I am having a real hard time trying to figure this problem out: $$u(\textbf{x},t)=\int_{\mathbb{R}^n}K(\textbf{x},\textbf{y},t)g(\textbf{y})d\textbf{y}$$ Where: $$ K(\textbf{x},\textbf{y},t):= \frac{e^{-\frac{|\textbf{x}-\textbf{y}|}{4t}^2}}{(4\pi t)^{n/2}} $$ show that $$ \lim_{x\to 0}u(\textbf{x},t)=g(\textbf{x}) $$

so far I have shown that $$ \int_{\mathbb{R}^n}K(\textbf{x},\textbf{y},t)d\textbf{y}=1 $$ But I can't seem to figure out how to deal with the limit since you have an infinity over infinity that can't seem to be solved using L'Hospital's rule.
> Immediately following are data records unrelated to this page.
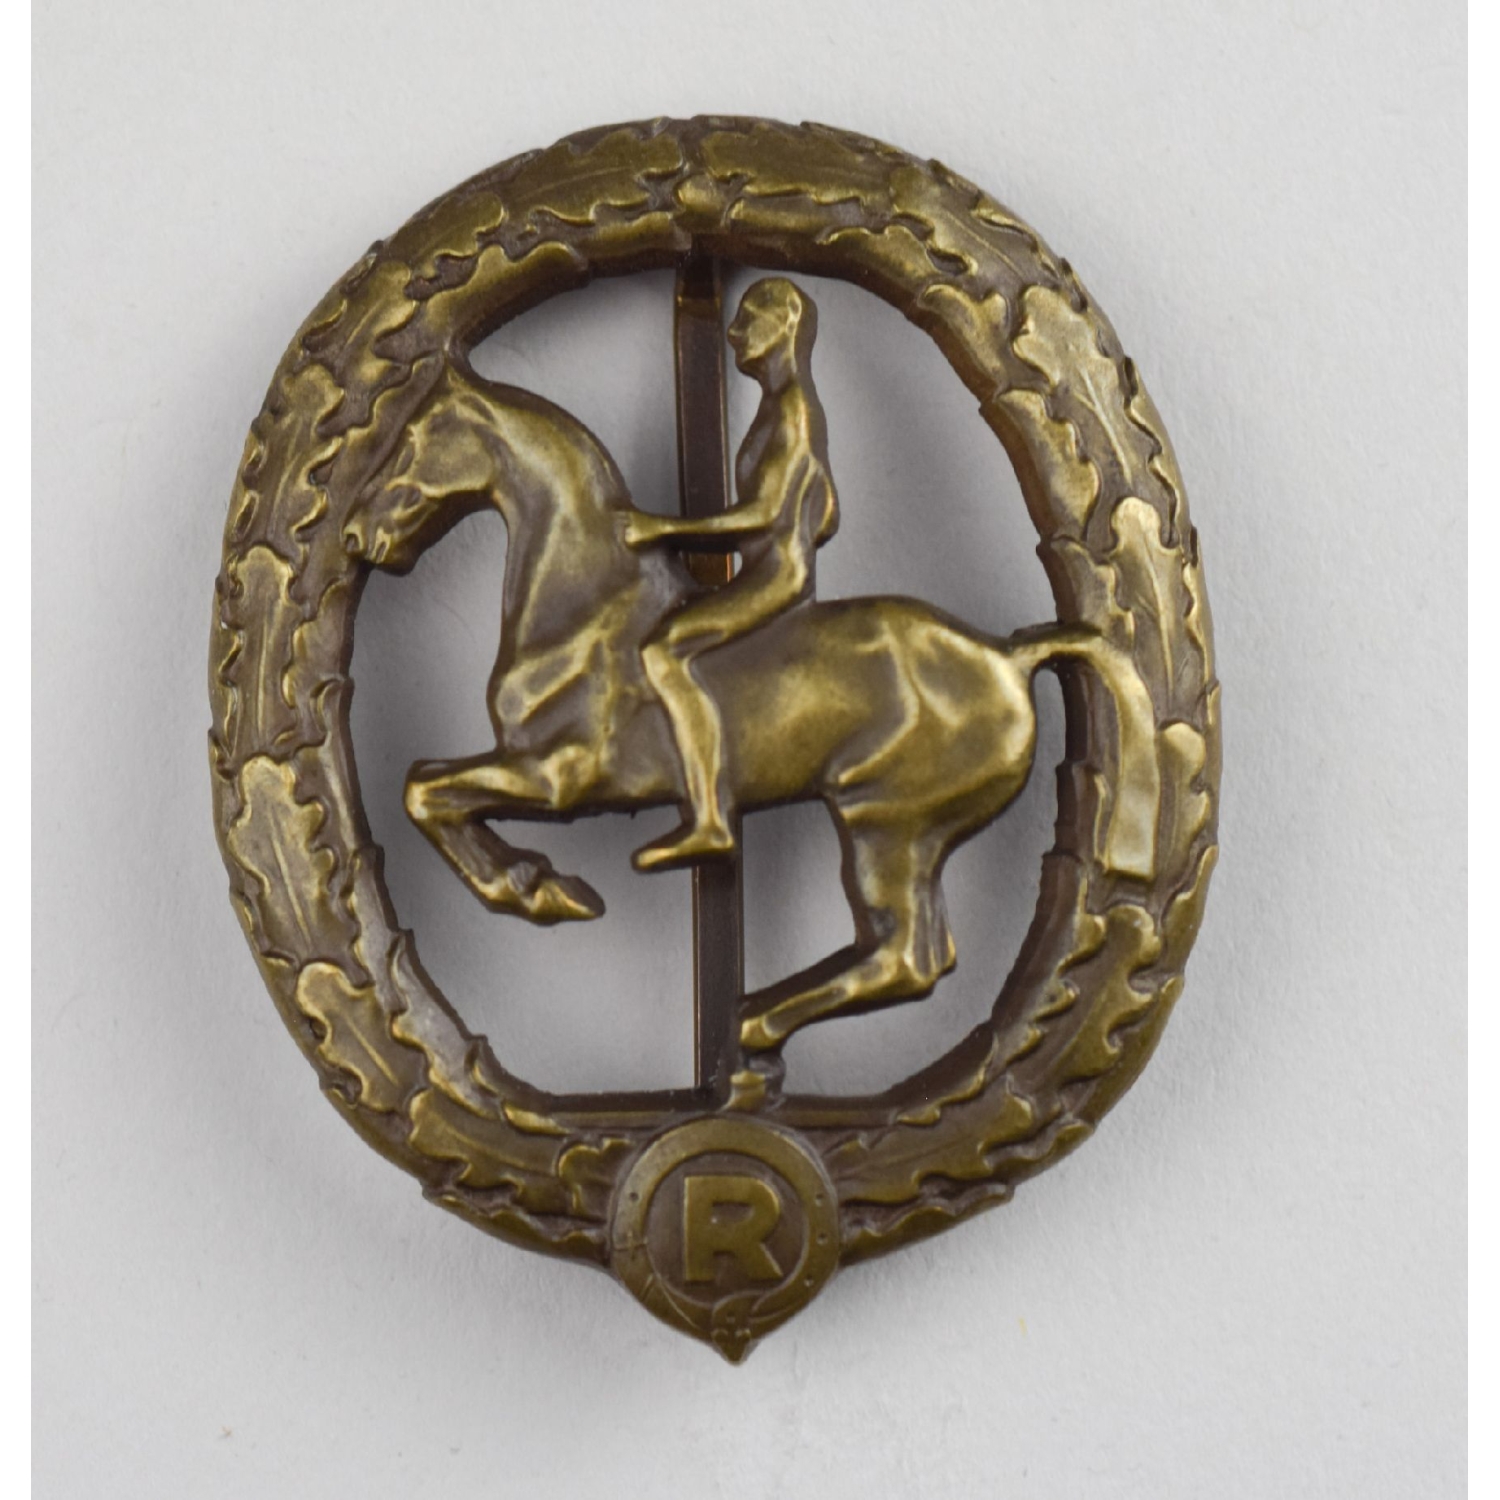 Deutsches Reiterabzeichen 3. Klasse Bronze 1930 Herst. Chr. Lauer, Nürnberg-Berlin
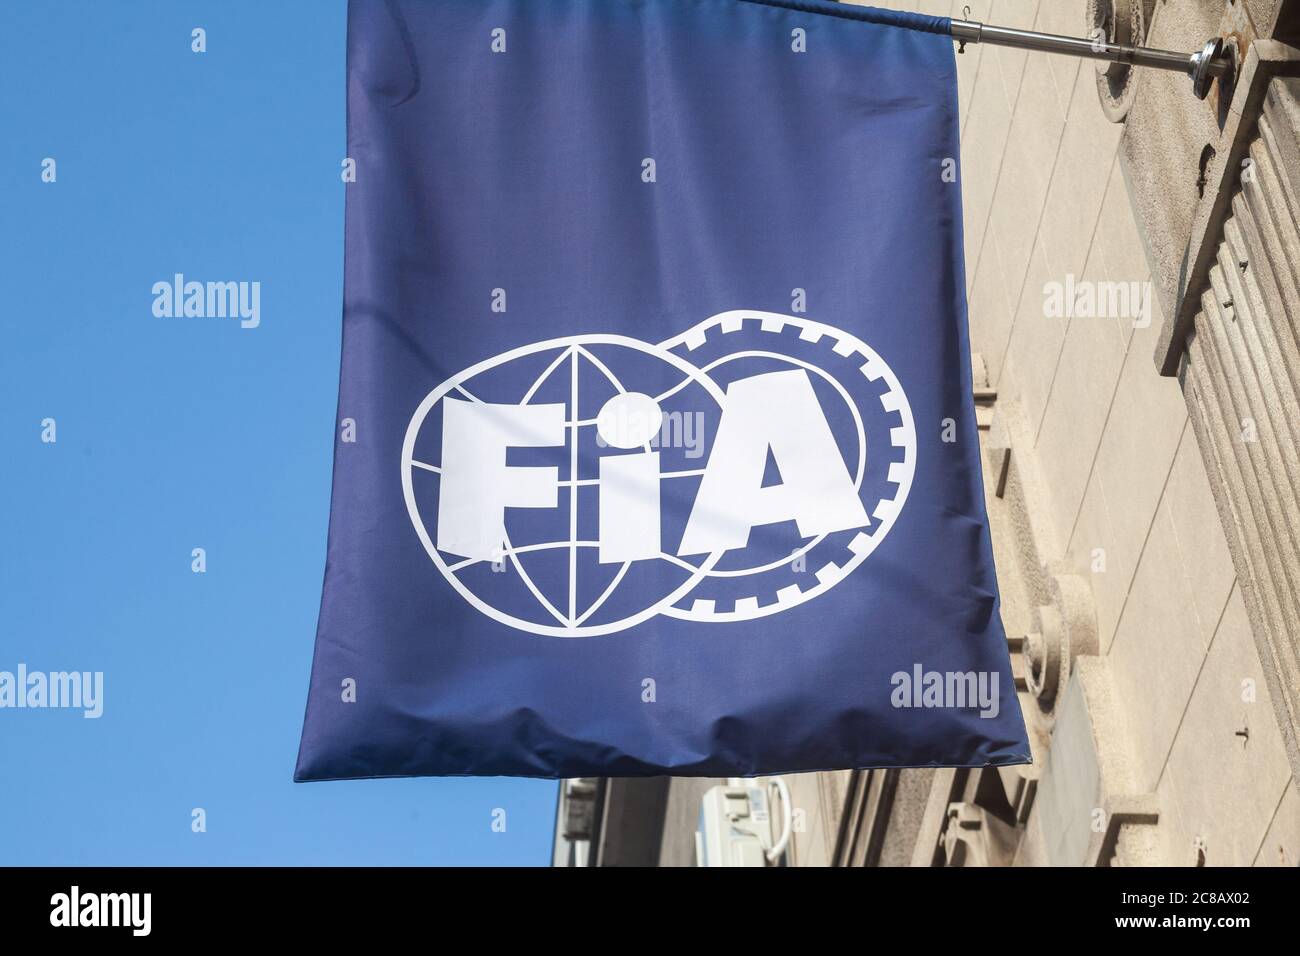 BELGRAD, SERBIEN - 8. AUGUST 2018: FIA-Logo auf ihrem Büro für belgrad. FIA oder Federation internationale de l'automobile ist die internationale Organisation Stockfoto
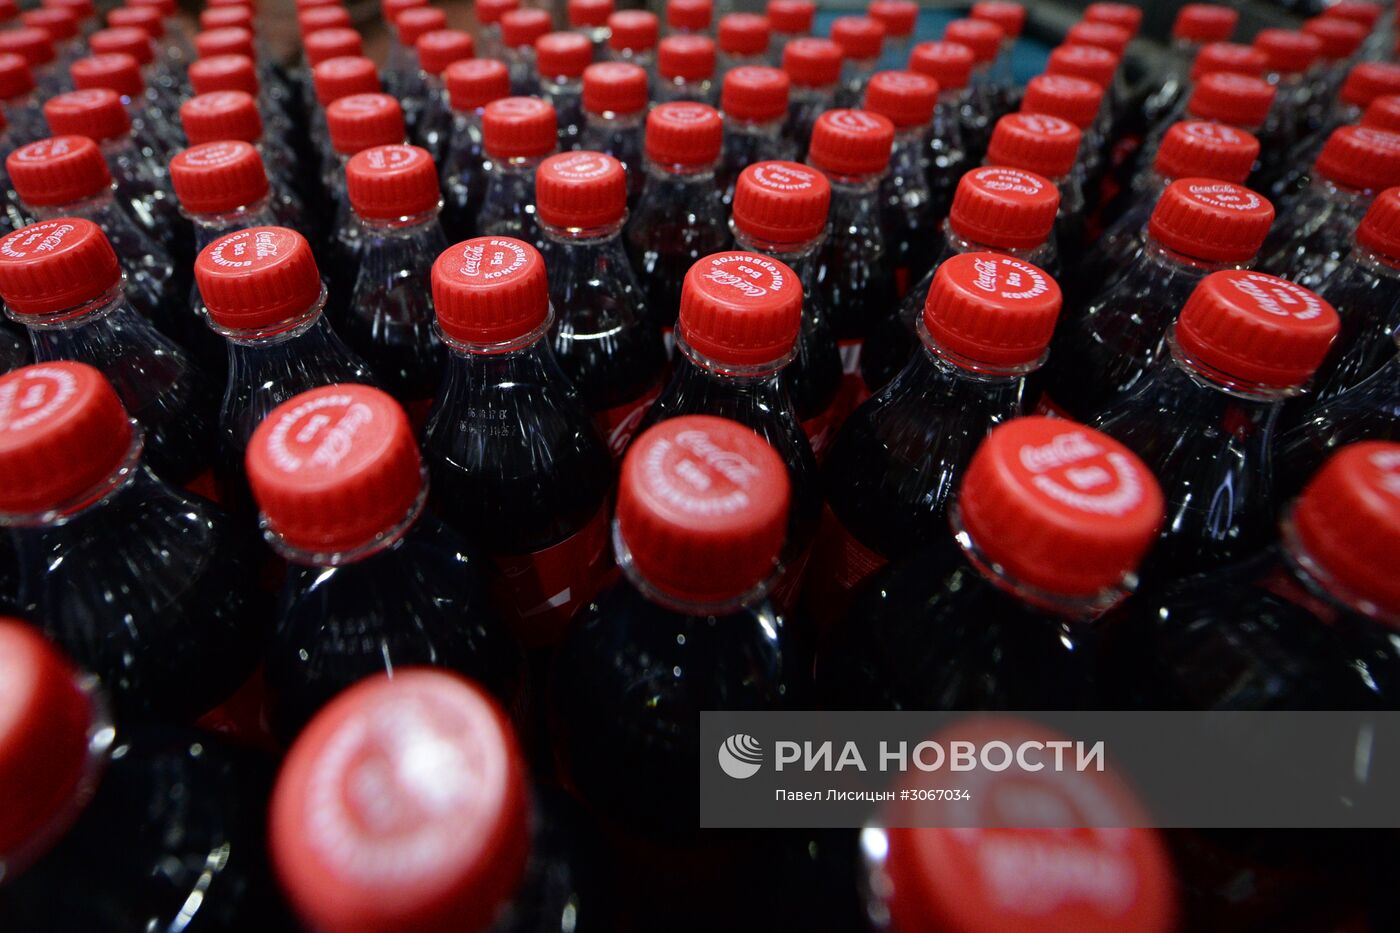 Завод Сoca-Cola HBC Россия
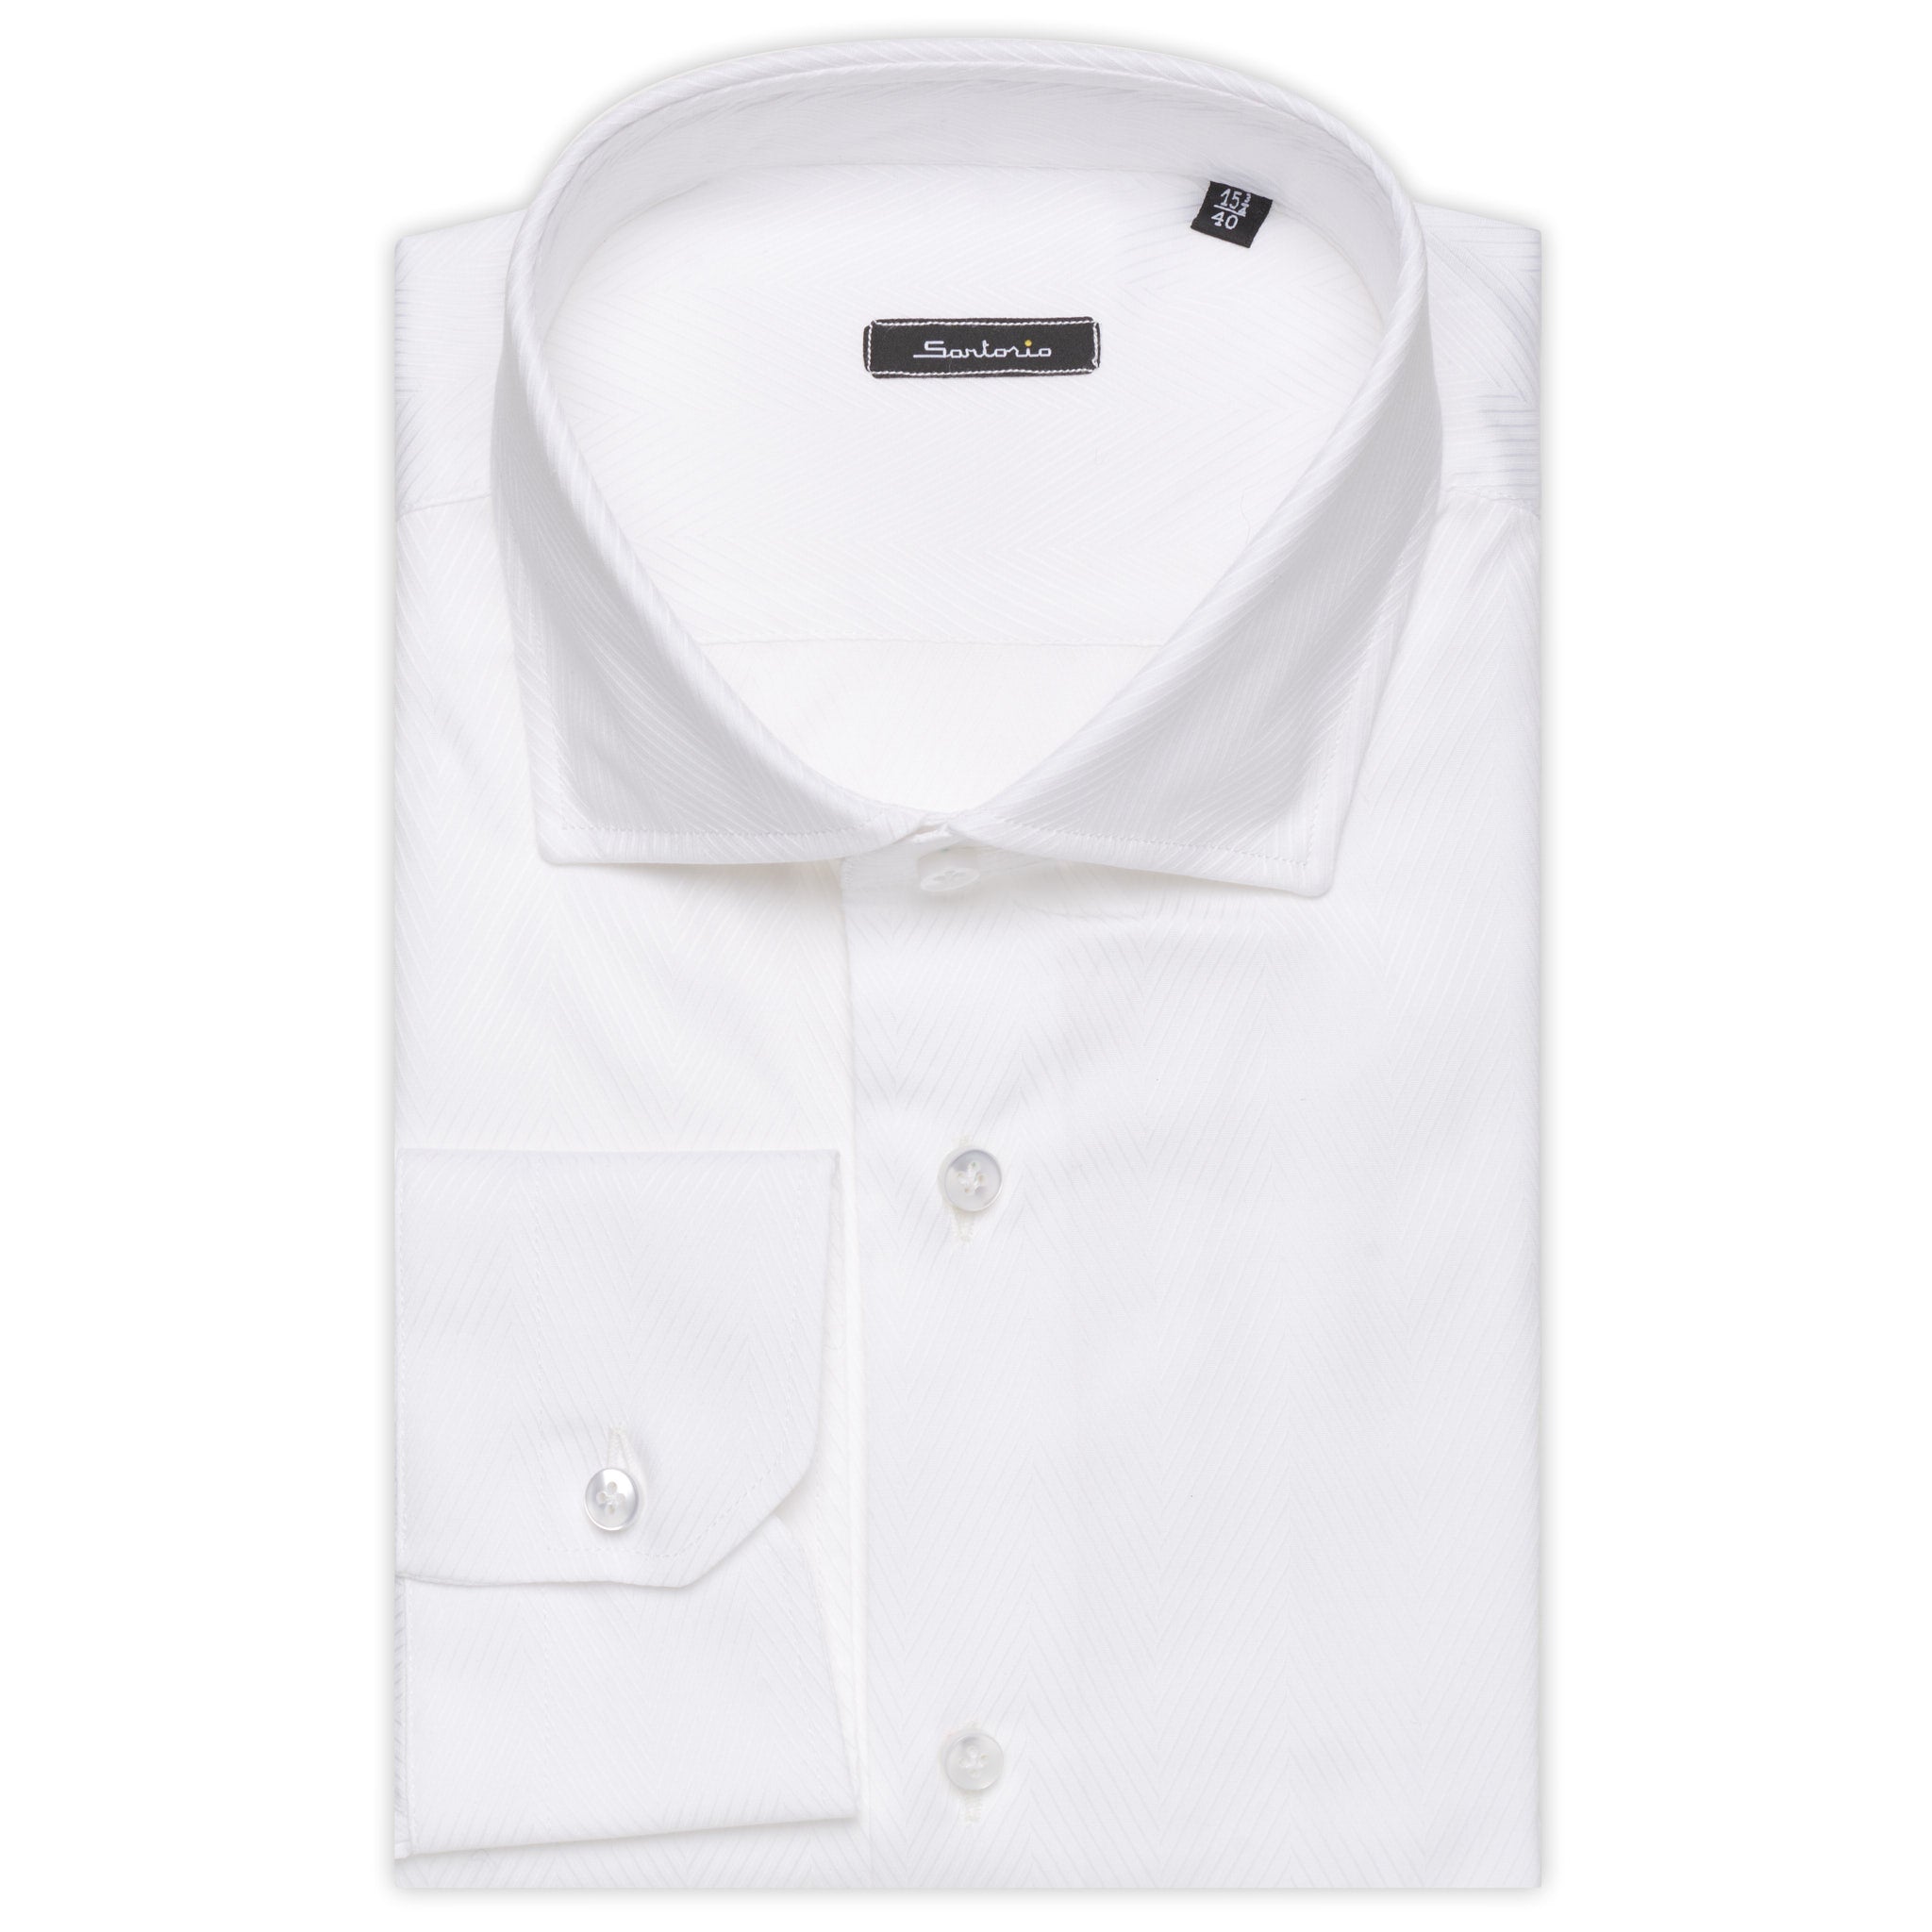 SARTORIO by KITON White Jacquard Herringbone Cotton Dress Shirt NEW Slim Fit SARTORIO

I get the general notion, namely that as t $\to 0$, the Gaussian Heat Kernel acts like the Dirac Delta function, but I can't seem to prove it. Thanks

Answer 1

HINT:

First, we have $\lim_{t\to 0^+}\frac{e^{-|\vec x-\vec y|^2/(4t)}}{(4\pi t)^{n/2}}=0$ for $|\vec x-\vec y|\ne 0$. So, we need to isolate the singularity point, $\vec x$, from the integration.

Proceeding, we write the integral as

$$\begin{align} u(\vec x,t)&=\int_{\mathbb{R}^n}K(\vec x,\vec y,t)g(\vec y)\,d\vec y\\\\ &=\int_{\mathbb{R}^n\setminus B(\vec x,\delta)}K(\vec x,\vec y,t)g(\vec y)\,d\vec y+\int_{B(\vec x,\delta)}K(\vec x,\vec y,t)(g(\vec y)-g(\vec x))\,d\vec y\\\\ &+g(\vec x)\int_{B(\vec x,\delta)}K(\vec x,\vec y,t)\,d\vec y\\\\ \end{align}$$

where $B(\vec x,\delta)$ is a ball of radius $\delta$ centered at $\vec x$.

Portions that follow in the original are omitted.